**What you should do:** Restate each of the lines below word for word and drop every picture.

**Input data:**

━━━━━━━━━━

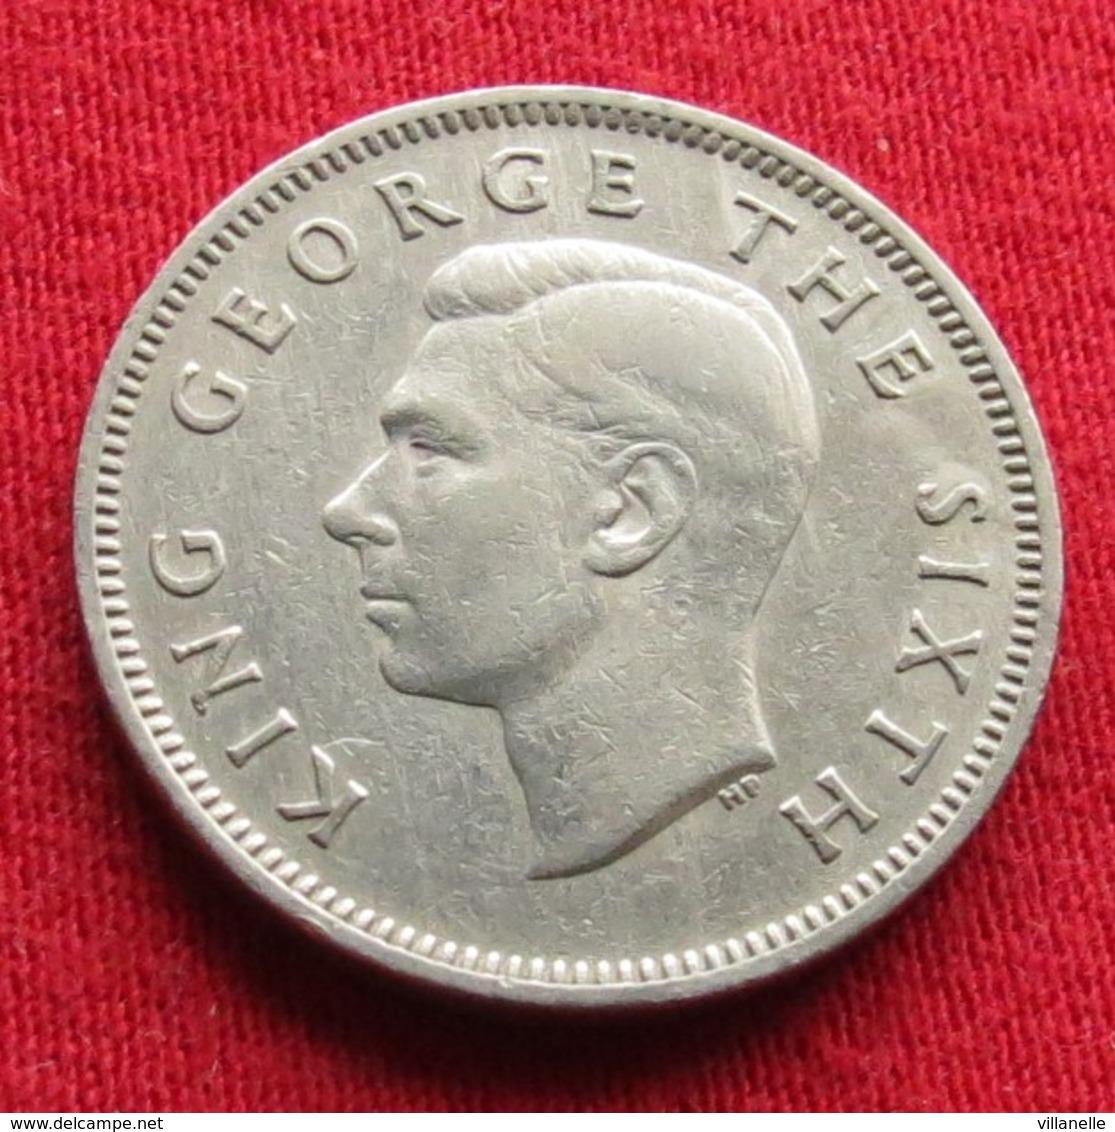 New Zealand 1 Shilling 1948 KM# 17  Nova Zelandia Nuova Zelanda Nouvelle Zelande - Nouvelle-Zélande
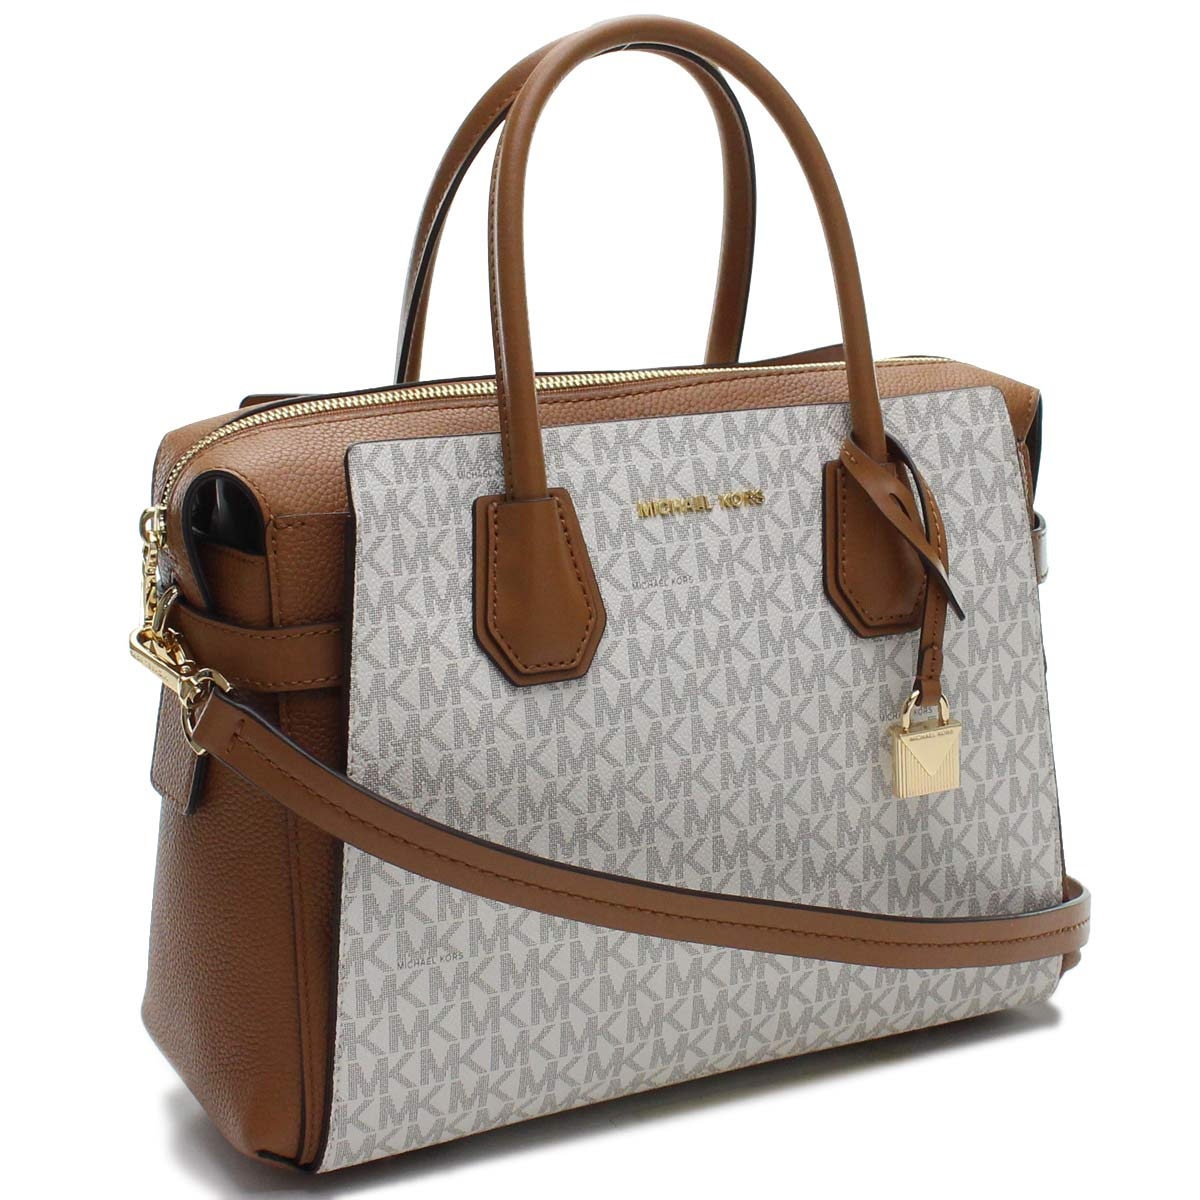 Michael Kors Mercer 2way Handbag 30s9gm9s2b 149 Vanilla Acrn White System Lady S
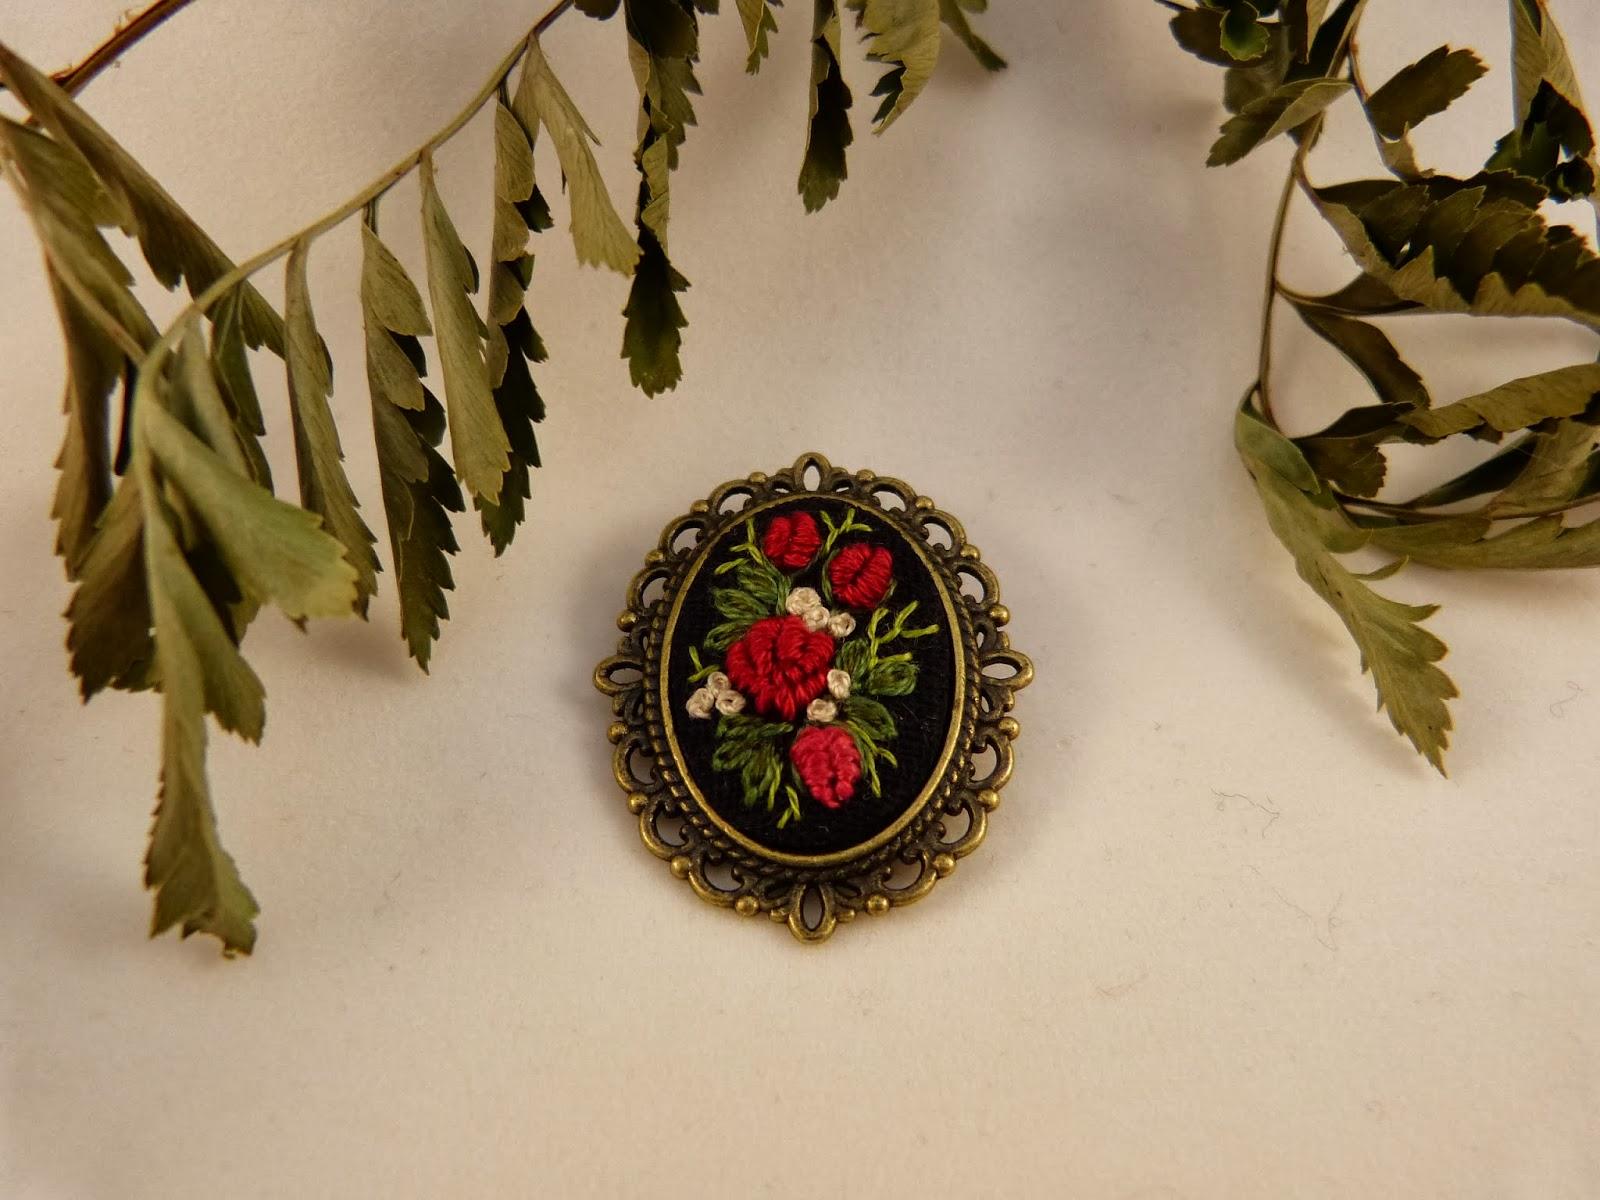 haft rococo, embroidered brooch, haftowane róże, haftowana broszka, broszka z haftem, embroidered jewerly, broszka, vintage, medalion z haftem, handmade jewerly,
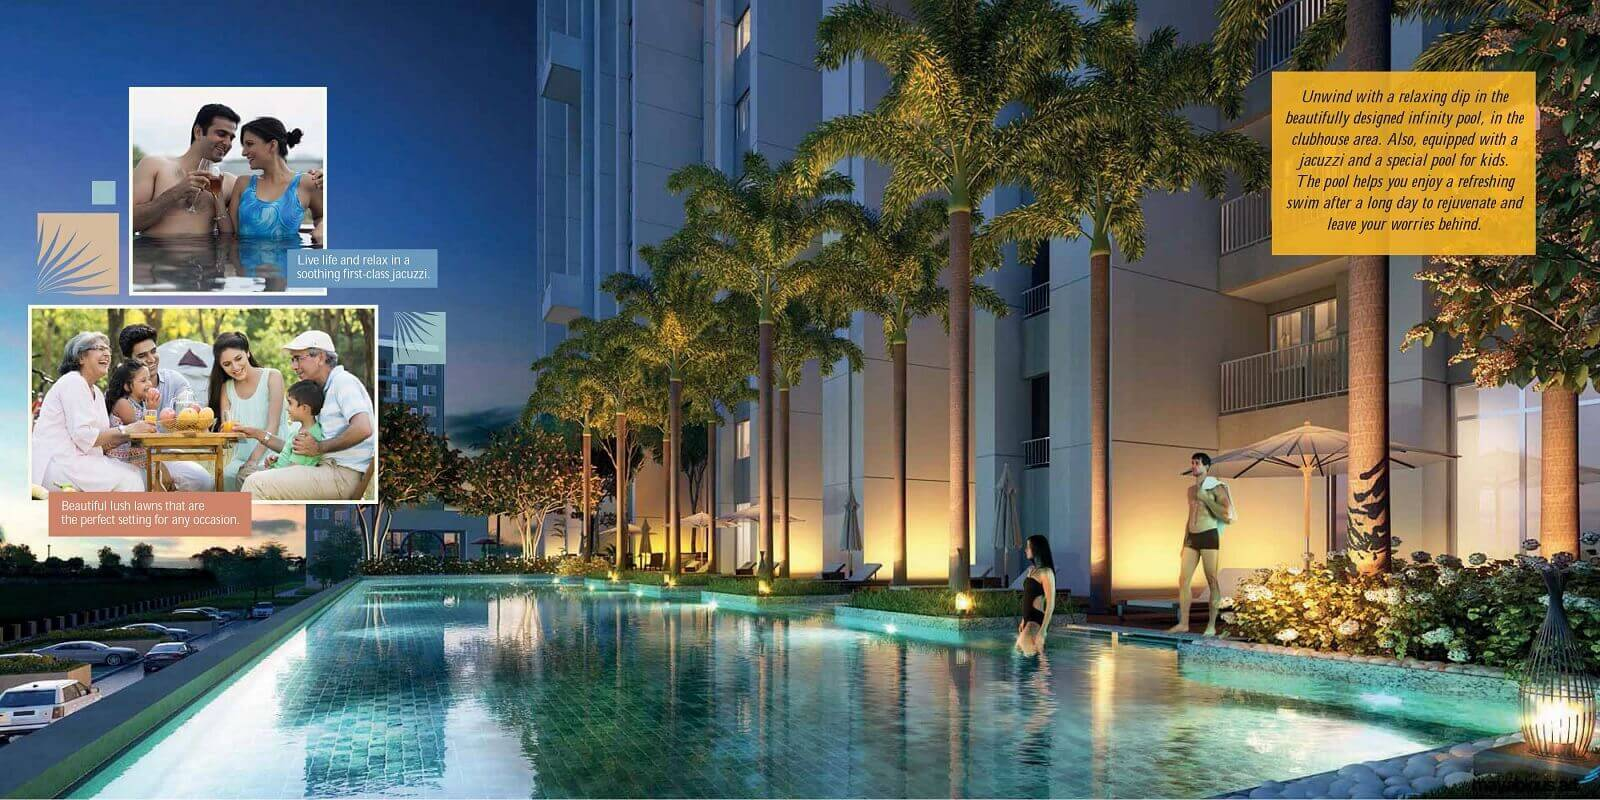 emami tejomaya amenities features1

━━━━━━━━━━

**Solution to this problem:**
 New Zealand 1 Shilling 1948 KM# 17  Nova Zelandia Nuova Zelanda Nouvelle Zelande - Nouvelle-Zélande
 Michael Kors Mercer 2way Handbag 30s9gm9s2b 149 Vanilla Acrn White System Lady S
 haft rococo, embroidered brooch, haftowane róże, haftowana broszka, broszka z haftem, embroidered jewerly, broszka, vintage, medalion z haftem, handmade jewerly,
 emami tejomaya amenities features1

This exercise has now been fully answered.